Port Orange is host to many annual festivals including the Port Orange Family Days, and lots of farmers and flea markets. Firework celebrations are regularly held at the Port Orange City Center, for the 4th of July, and New Years, etc
Port Orange was one of the first schools ever built in this area, the Port Orange Elementary School (it is today a 5 star school. And, is one of only two in the area that accommodate both gifted and special needs students.) In 1879 the first school building was located on Halifax Drive where the Port Orange Civic Center is now located. In 1889 it was moved to the corner of Dunlawton Avenue and Orange Avenue, and was only a one room building.
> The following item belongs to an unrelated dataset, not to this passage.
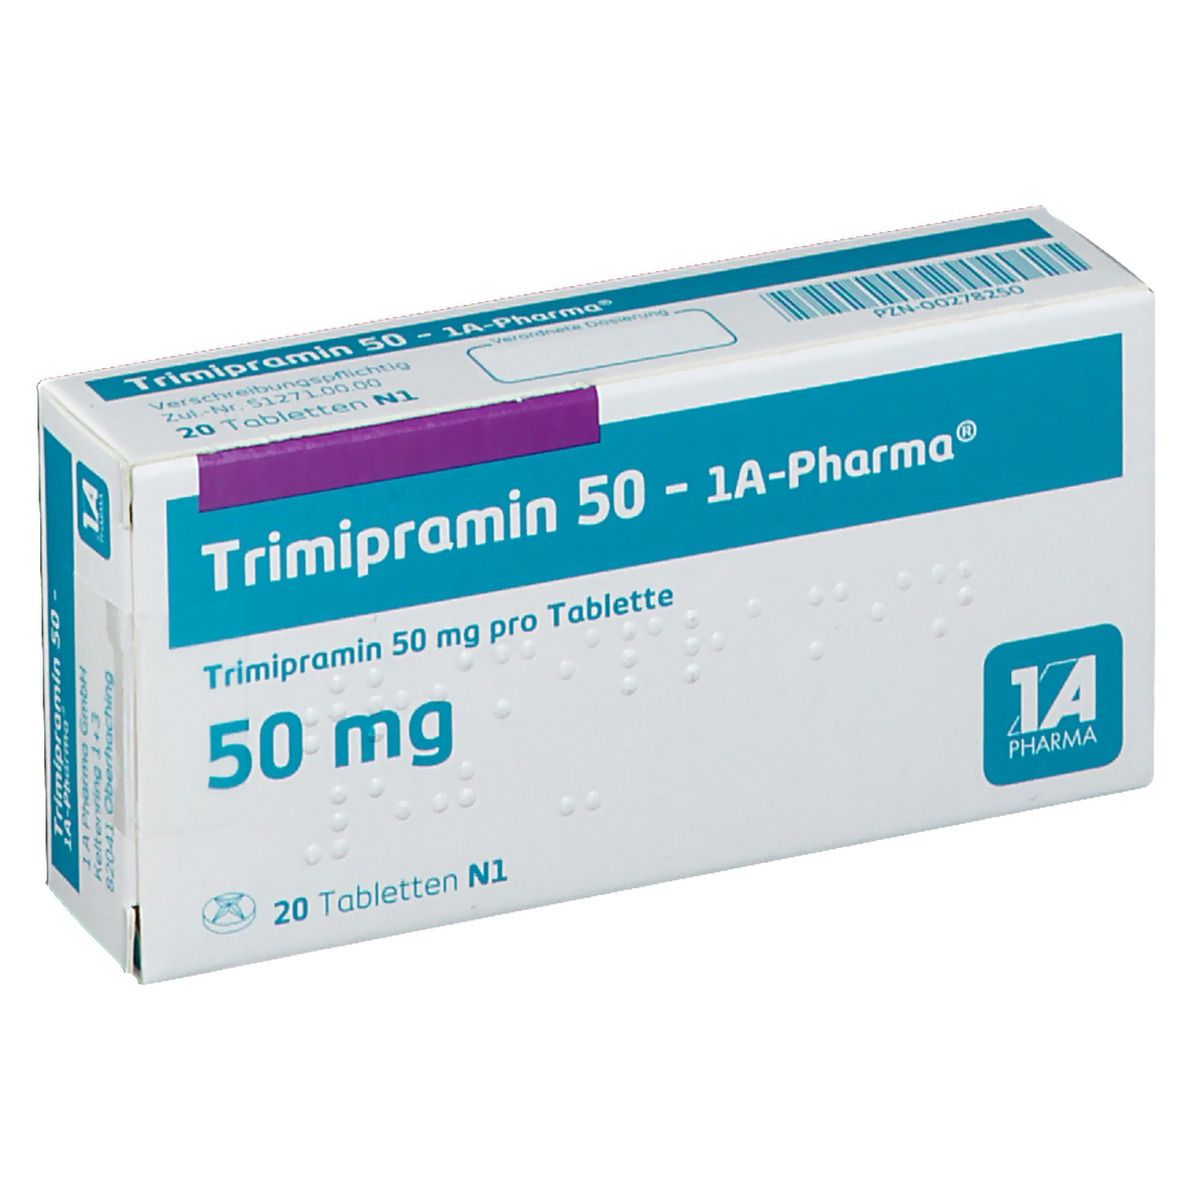 Trimipramin 50 1A Pharma®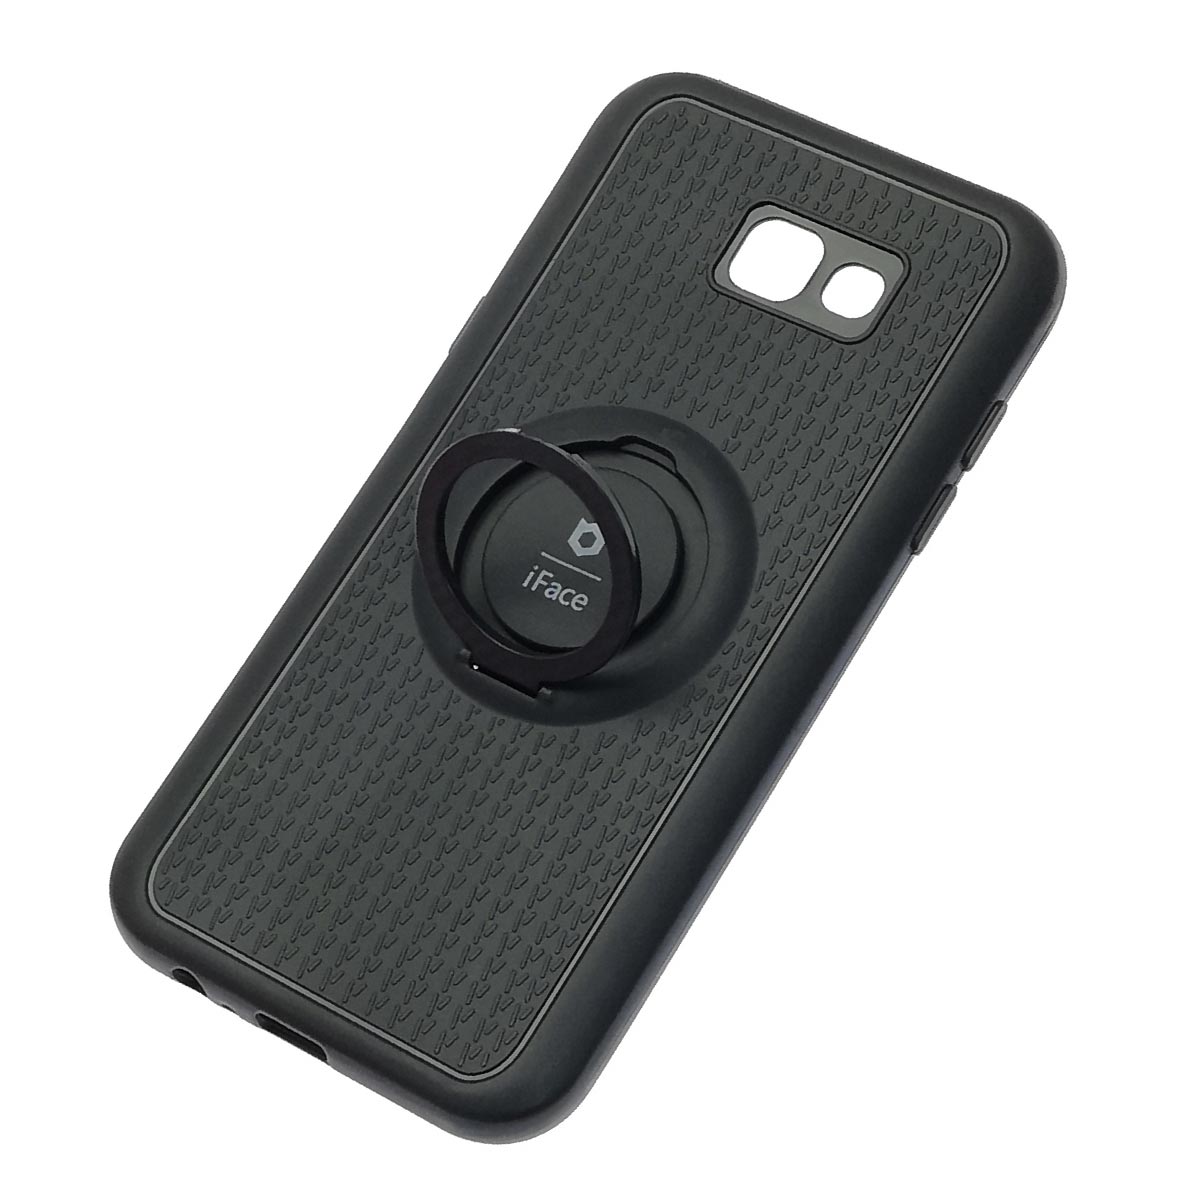 Чехол накладка iFace для SAMSUNG Galaxy A7 2017 (SM-A720), силикон, кольцо держатель, цвет черный.

In 1925 a new brick building was built on the same site at 402 Dunlawton Ave, and the original one room building moved back. many additions have been built since then, but the original 1889 building still stands. Making this school a historic landmark for Port Orange.
Annually the city holds a holiday parade down Dunlawton Ave, the school is the perfect front row view of the parade, and students and family are given free snacks and refreshments while they enjoy it. Port Orange Elementary is a 5 star school. And, is one of only two in the area that accommodate both gifted and special needs students.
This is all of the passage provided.